The notion of perception by "ignoring an absence" (Dennett 1992, p. 48) is meaningful only in a system that has already encoded the scene in which the absent feature can be ignored. In the case of the blind spot, that scene is a two-dimensional surface percept, every point of which is experienced individually and simultaneously at distinct locations. The onus is on Pessoa et al. to explain how this 2-D structure can be encoded as a non-spatial "absence."

O'Regan (1992) argues that visual saccades sample the external world like a data access of an internal data structure, and that therefore the structural representation of the visual world need not be encoded internally, because that information is immediately available in the world itself.

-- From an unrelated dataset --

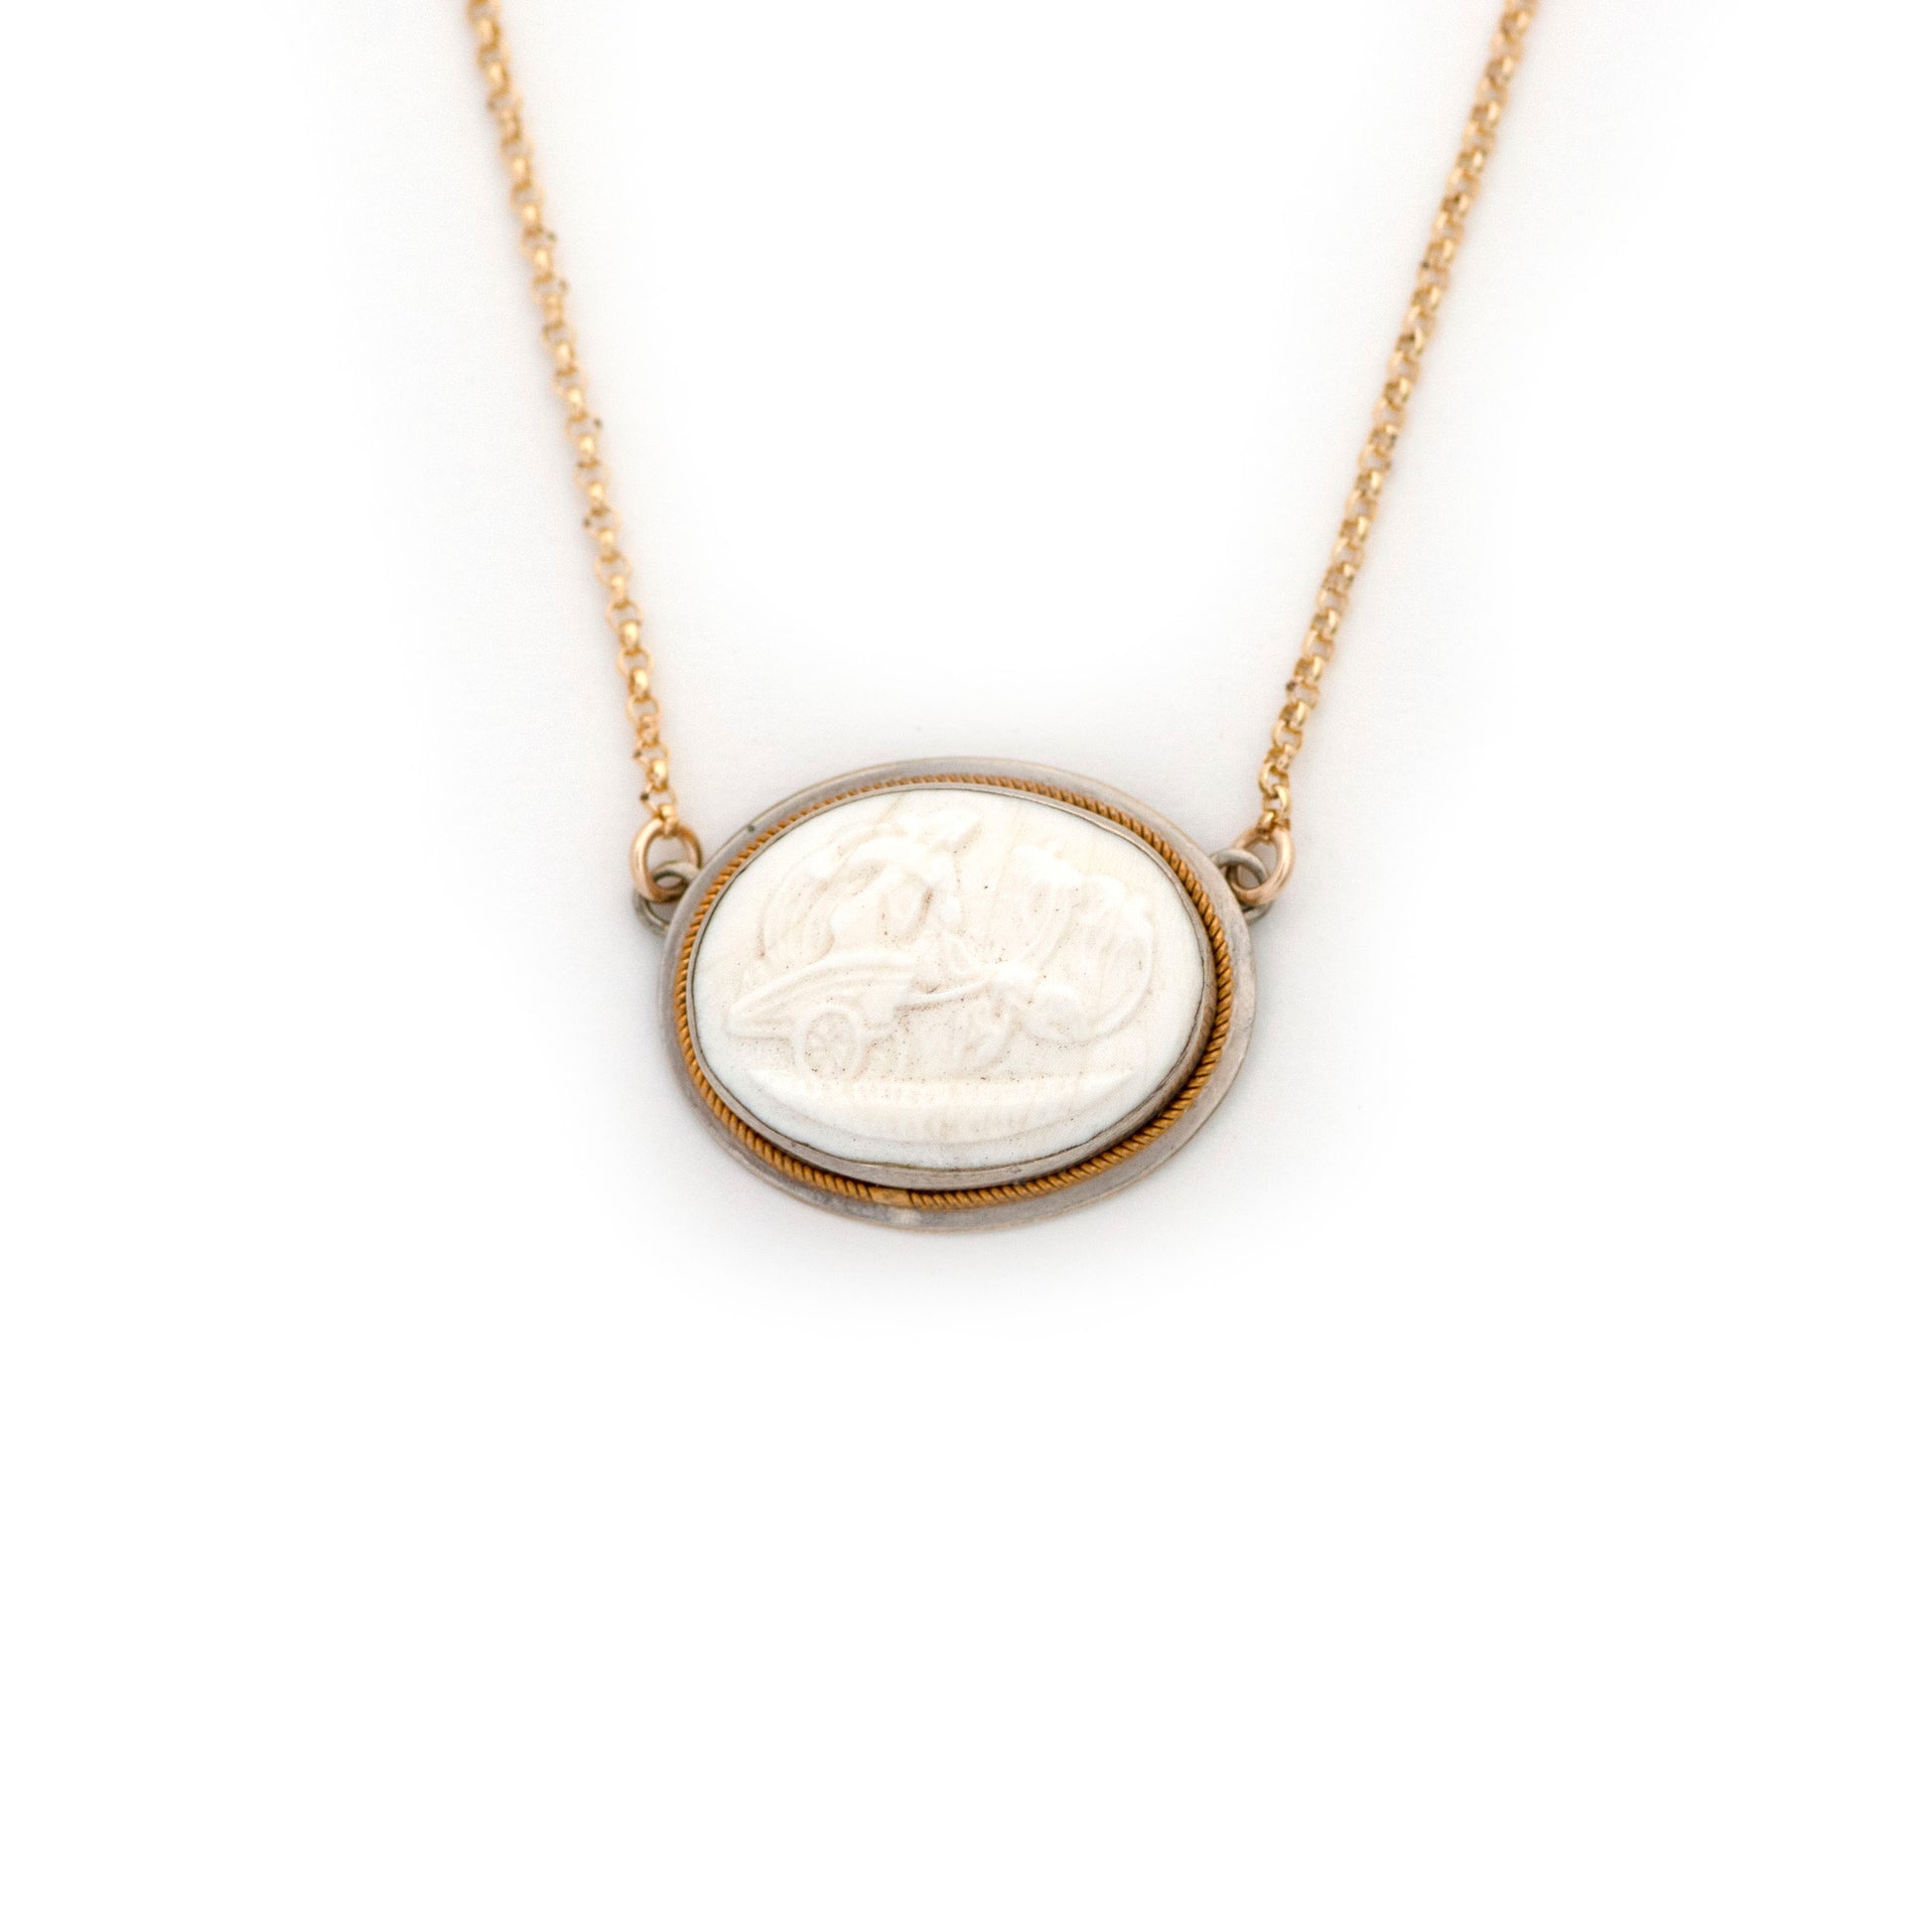 This antique necklace is made up of:  Sterling Silver Victorian pendant from the late 1800s with a twisted gold border and cream white porcelain cameo. Cameo depicts the Greek goddess of love, Aphrodite, riding a chariot drawn by a pair of doves. Doves are a prominent symbol of hers, as are the planet Venus and the Spring month of April. Friday is the day of Venus.

However the three-dimensional spatial information of the external world is by no means immediately available from glimpses of the world, but requires the most sophisticated and as-yet undefined algorithm to read that spatial information from the world. Indeed, isomorphism suggests that the required algorithm involves the construction of a fully spatial three-dimensional internal model of that external world as observed subjectively. The fact that O'Regan's argument seems at all plausible to him is explained by the fact that when O'Regan thinks he is observing the external world, he is actually accessing an internal spatial model of the world, because the external world itself is beyond direct experience. The reductionist arguments accepted by Pessoa et al. are plausible only in the context of a Naive Realism that confuses the subjectively perceived world with the objective external world.

References

Köhler W. (1947) Gestalt Psychology. New York: Liveright.

Dennett D. C. (1992) "Filling in" versus finding out: a ubiquitous confusion in cognitive science. In Cognition: Conceptual and Methodological Issues, Eds. H. L. Pick, Jr., P. van den Broek, & D. C. Knill. Washington, D. C.: American Psychological Association.

O'Regan, K. (1992) Solving the `real' mysteries of visual perception: the world as an outside memory. Canadian Journal of Psychology 46: 461-488.